Broad strokes plan (TBD)

This is TBD, please comment below if there is a better way.

Stage 0: bring your own certs for TLS

As suggested by @whyrusleeping:

We could add a /wss transport that takes in your certs

This would include part of work required for Stage 1, and be useful for people who don't want to use ACME for some reason.

Stage 1: bring your own domain for TLS

Seamless ACME support to go-ipfs and js-ipfs: entering /dns4/.../wss/ addr in Addresses.Swarm and setting up ACME endpoint for the domain name in something like TLS.ACME.Endpoints is all the user needs to do to have Secure WebSockets transport enabled.

Because a dedicated domain is used go-ipfs could prove ownership by completing HTTP-01 Challenge.

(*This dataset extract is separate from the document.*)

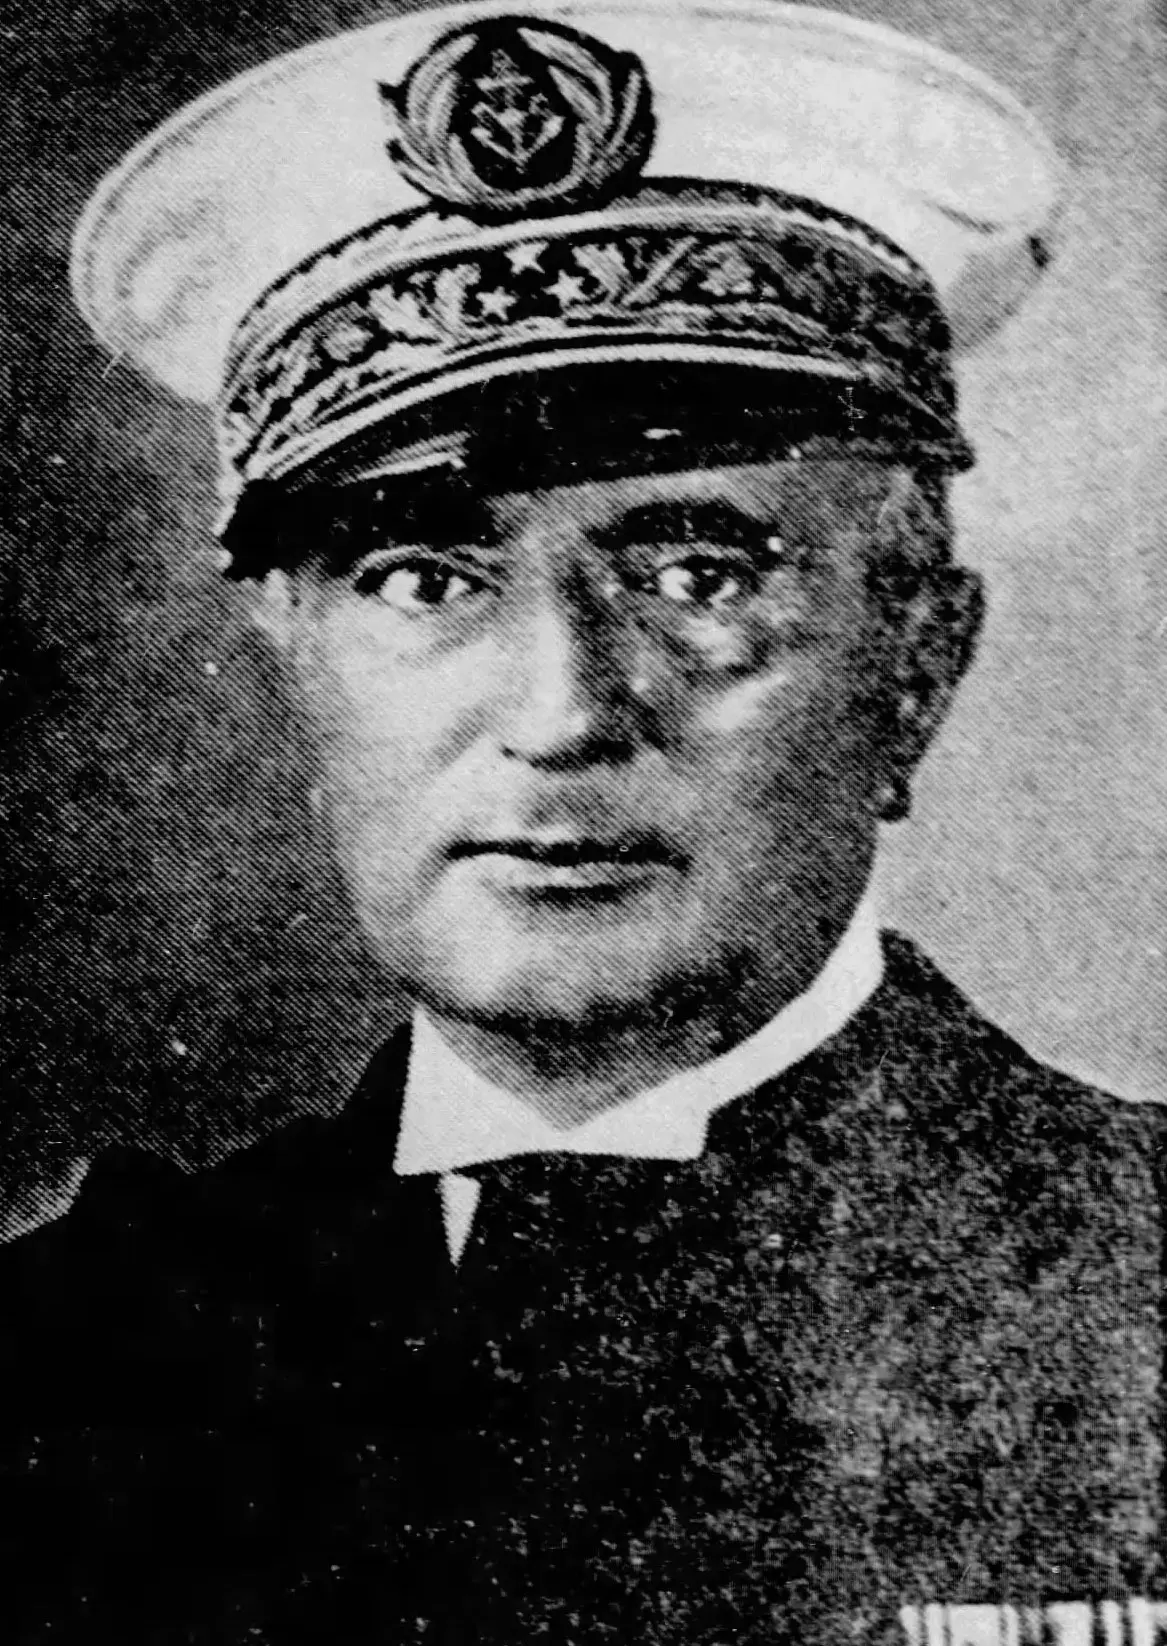 A black and white portrait of the French admiral Jean Francois Darlan in his dress uniform.

It is fairly well understood and full automation only requires port 80 of used domain to point at go-ipfs instance.

Stage 2: you get a free domain for TLS out-of-the-box

We may need to provide peers with something like {peerid}.libp2p-peer.io name for TLS and partner with ACME provider to ensure that mining TLS certs for third-parties under our name like that is ok.

It could also be leveraging the reverse-DNS lookup + uPnP forwarding trick to piggy-back on domain name provided by ISP.